A high DSP utilization rate is a key feature of this design. To maximize computational performance within the constraints of a small FPGA, the DSPs are primarily employed for the multiplication operations in convolutions. This high utilization rate aims to enhance the parallel processing capability of convolution to the greatest extent possible.

In terms of scalability, the ZYNQ7020 is composed of a PL section and a PS section. The PL section implements fundamental deep learning operators such as convolution, pooling, and upsampling. The PS section provides functionality for deep learning computation control, task scheduling, and model management. The PS section can load and manage different deep learning models via software, supporting the execution of everything from simple shallow neural networks to complex deep convolutional neural networks. By leveraging the hardware acceleration capabilities of the PL section, the system can dynamically deploy and switch between models, meeting the inference requirements of various scenarios. Through the efficient collaboration of the PS and PL, high-performance, low-power deep learning inference acceleration is achieved.

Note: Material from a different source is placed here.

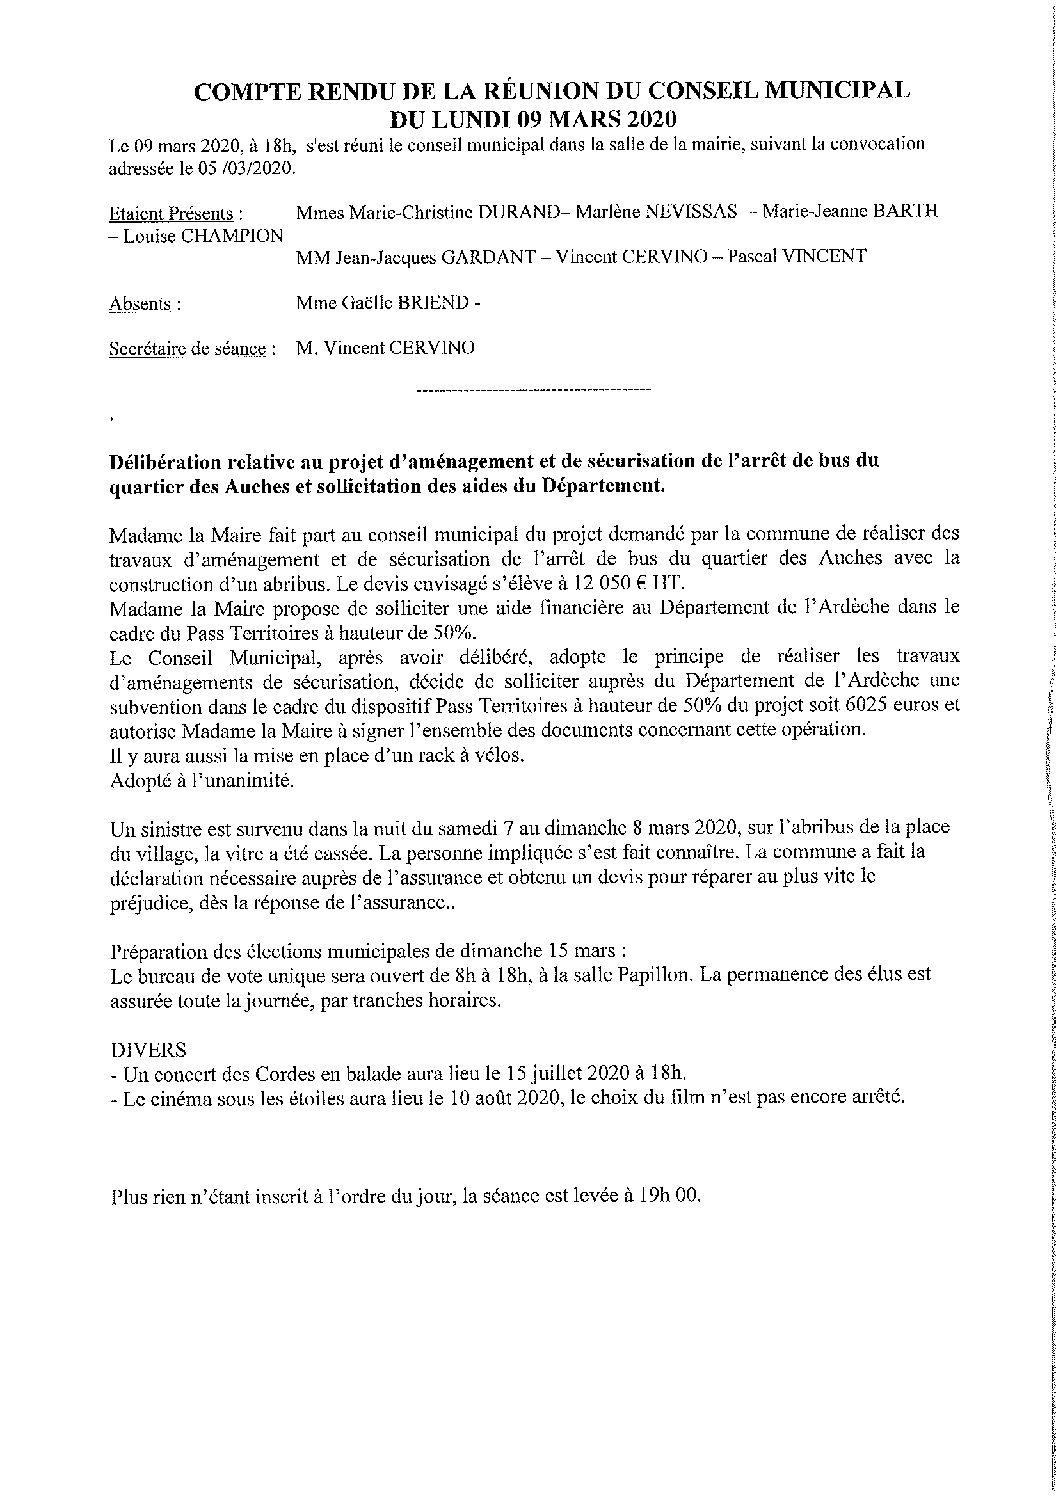 compte rendu Conseil Municipal du 09 mars 2020

For portability to different FPGA systems, the high utilization only uses 215 DSPs. For boards with fewer resources, the FPGA cannot achieve an acceleration effect. On boards with more resources, minor code modifications can further improve inference speed. This demonstrates that this study fully exploited the FPGA’s computational resources and maximized computational parallelism to the extent possible.

4.5. Comparison of Other Deployed Neural Network Platforms

The research achievements in implementing YOLO series algorithms on FPGA platforms are substantial. This paper conducts a comparative analysis of the research results with relevant literature. By delving into the data presented in

Table 7. Parameter comparison of different papers.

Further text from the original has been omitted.